Afastara a intenção de entregar a alma ao criador, opinando que a dita lhe pertencia e que o senhor, preocupado com o flagelo das almas humanas, desdenharia as chagas da sua. Deduziu deste modo que nem todas as criaturas eram bem-vistas aos olhos de Deus. Para si também Deus não passava de simbologia mítica, o que ele aceitava plausivelmente como um elemento transcendente e concomitante no todo cósmico intemporal, tanto material como espiritual.

O seu grande dilema de porco, o qual nunca viria a interpretar, era a problemática da origem da génese. O nada sendo nada, conceito credível e compreensível, existia como contraposição ao físico e ao palpável mas o fosso vazio anterior ao perceptível, origem das origens elementares, escapava-lhe e não o sossegava a justificação de ter sido um ser superior a criar o que quer que fosse, porque para que tal acontecesse era necessário haver massa e espírito e um antecedente ao ser superior, logo, a explicação das origens remetia para uma origem anterior a essa criação. Problema bicudo que lhe fez derreter parte das banhas e que nem as doses reforçadas de bolotas e de cascas de fruta e de batatas conseguiram atenuar. Esta sua busca constrangedora da compreensão dos primórdios, preocupação maior da sua existência, redundou em fracassadas e inconclusivas deduções, o que o levou ao abatimento generalizado e quanto mais e melhor alimento lhe davam mais ele se recolhia nas suas reservadas cogitações, procurando, de focinho erguido ao alto ou recolhido em grunhidos inquiridores pelas ervas do quintal, desgastando as energias, respostas críveis para as suas temerosas dúvidas.
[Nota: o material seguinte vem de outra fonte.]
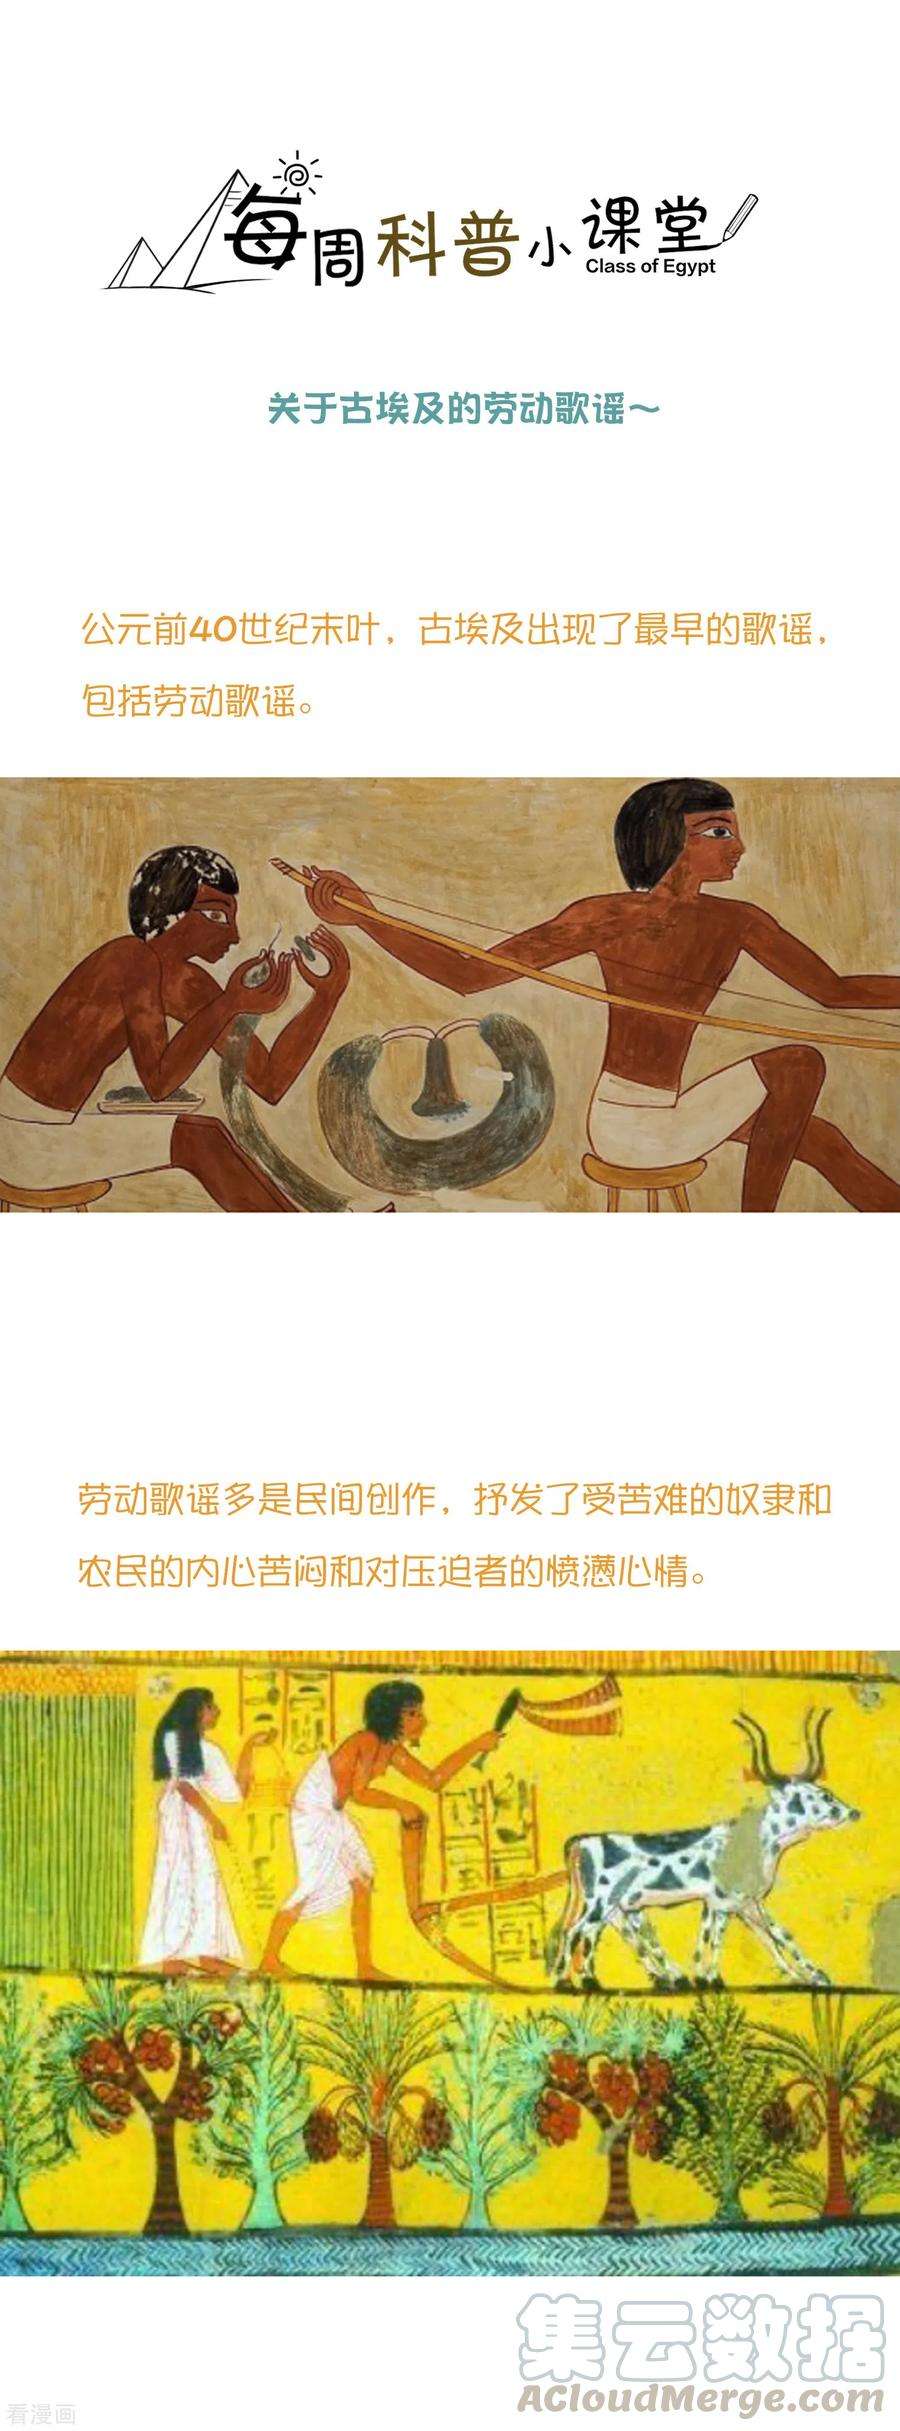 王的第一宠后王的茶话会38 古埃及的人民爱劳动

Quem não achava graça aos seus arroubos eram os donos, que se fartavam de o nutrir, sem que os seus cuidados se traduzissem em resultados palpáveis. O que só prova que nem todos os suínos devem ser cevados para se tornarem alheiras. Perdidas as esperanças e antes do tempo, numa seca e gélida manhã de Novembro, a sua pele herege foi chamuscada pelas línguas de fogo das carquejas purificadoras, para alívio das mentes puritanas da comunidade suína e consolo dos apetites gulosos dos humanos predadores.